Vadul-Rașcov is a commune located in Șoldănești District, Moldova stretched along the right bank of the Dniester River. The commune is composed of two villages, Socola and Vadul-Rașcov. It is approximately 130 km northeast of the capital, Chişinău. The population is 1 648.

History
The history of this location is over 2.5 thousand years ago. The Cave monastery in Socola, which already existed in 10th century. The Monastery complex has 7 levels of cells, also known as 7 floor cave monastery. The complex ix expanded to 3 parts in 1.5 km long along the Dniestr river.

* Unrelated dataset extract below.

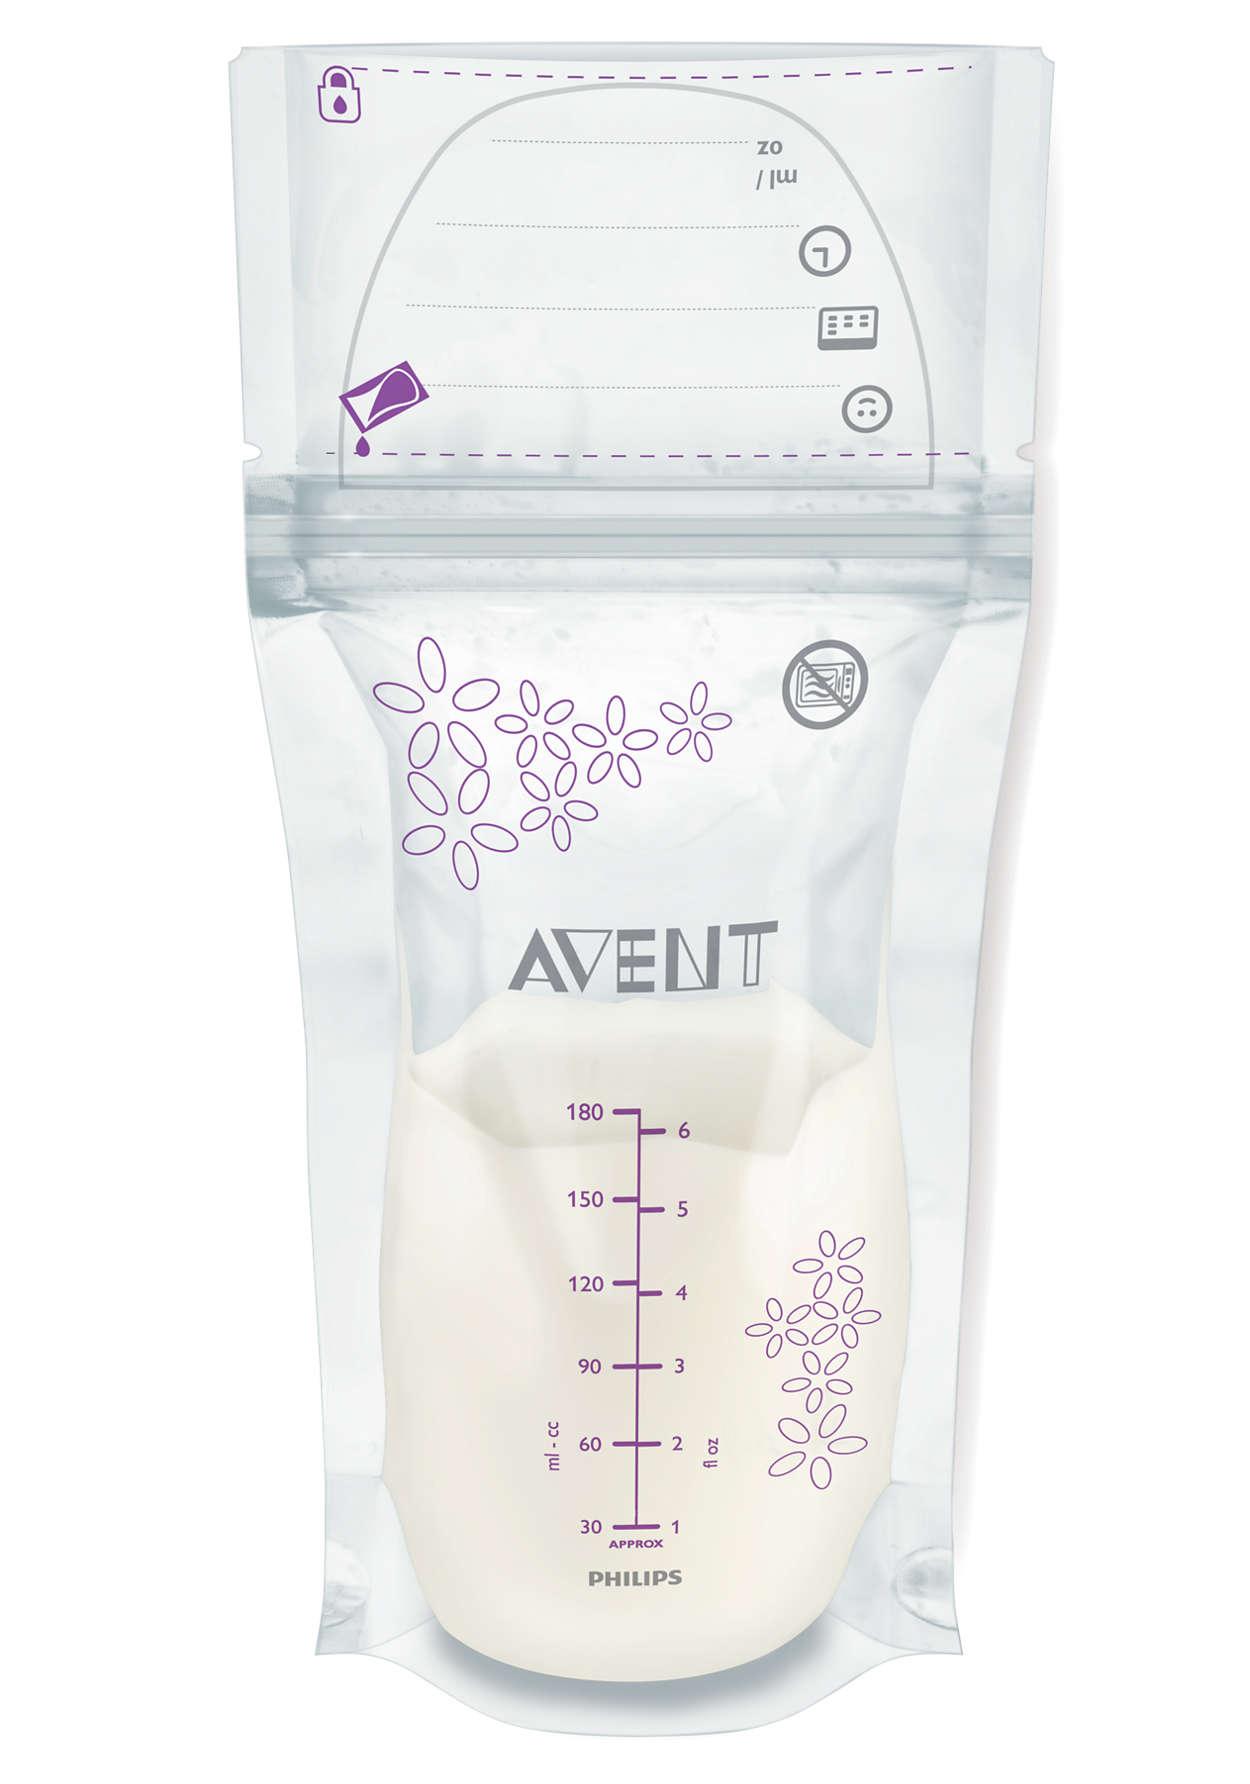 Avent Σακουλάκια Αποθήκευσης Μητρικού Γάλακτος 180ml 25τεμάχια
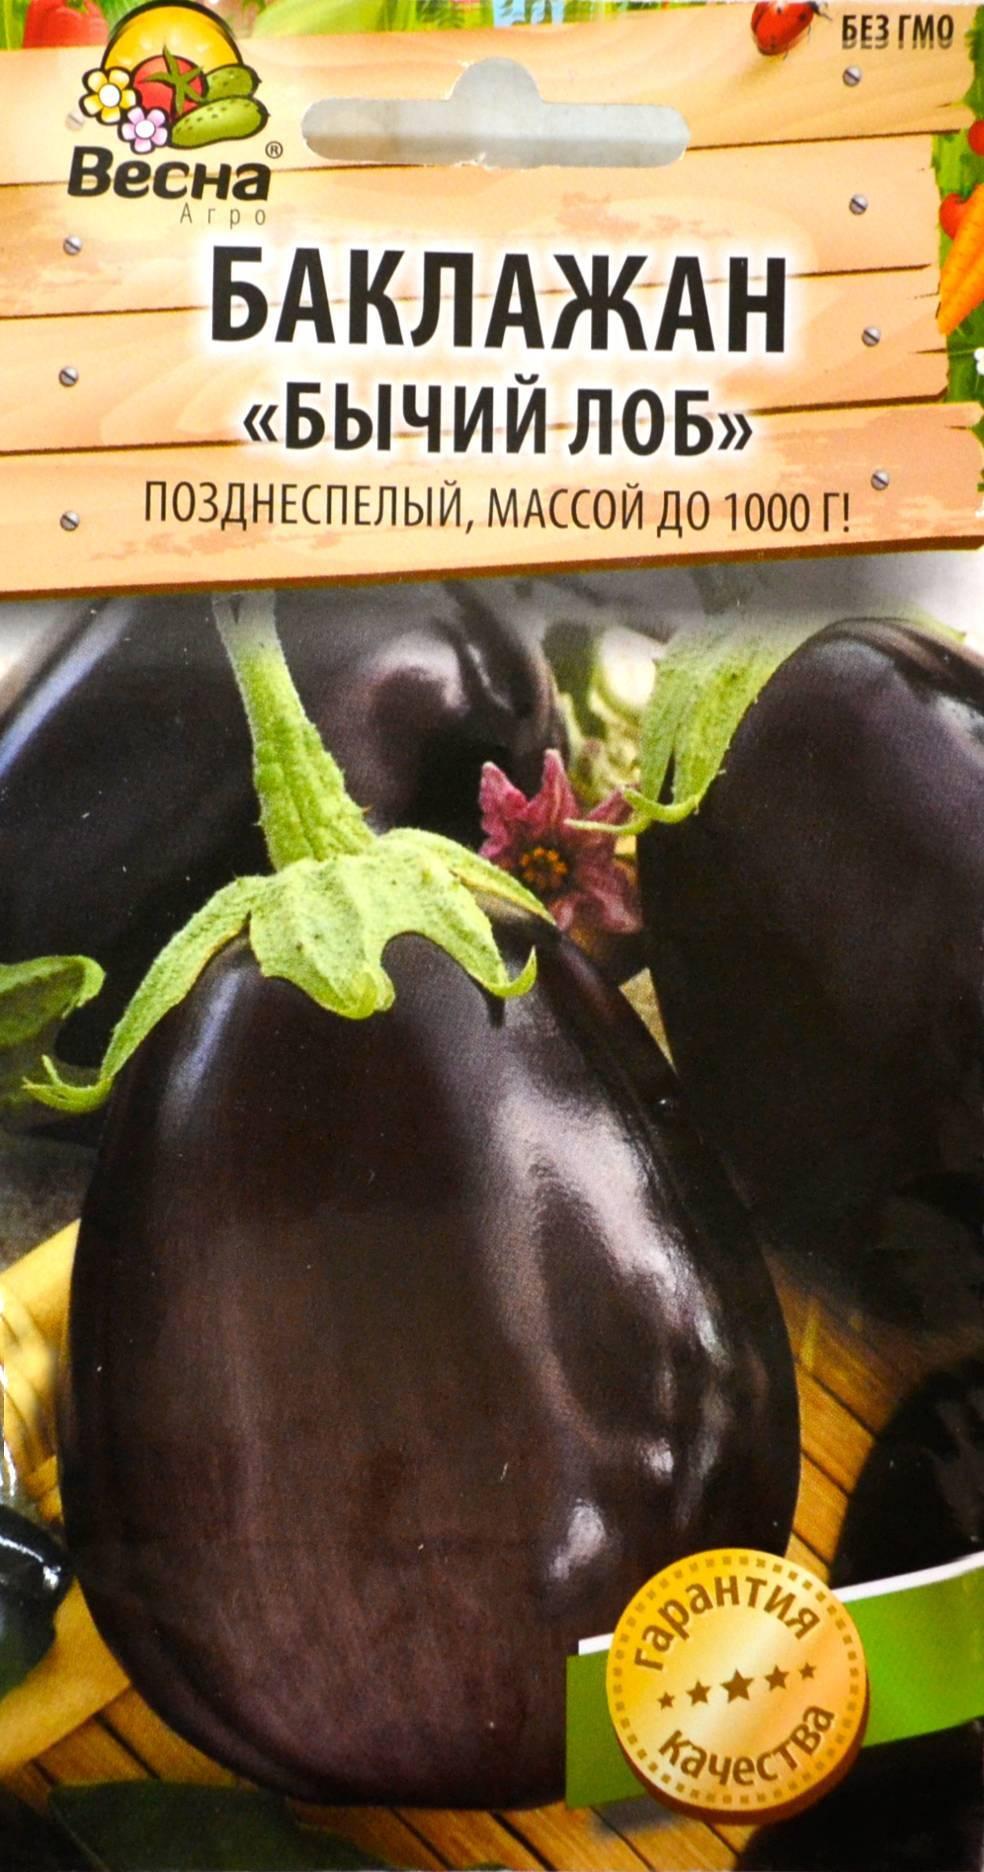 Баклажан бычий лоб — отзывы, урожайность, характеристика и описание сорта

Due to very difficult way to get in the monastery and relatively far distance from Chisinau the location remain absolutely original, without any signs of current civilization, and remain exactly as it was left about 300 years ago. 
The village is also known as the border place for trading route for many centuries. Before the Dubasari hydroelectric dam was built the river was much lower, and it was a perfect place to cross the river by fording. Due to the rocks on the both banks of the river (over 200 meters difference) the place was naturally secured from being easy invaded.

In 1930, approximately 2,000 Jews lived in this village. During World War II, the nazis massacred the local Jewish community.

The vast majority of the population of Vadul-Rașcov work in agriculture. The main tourist attraction is the Dniester River.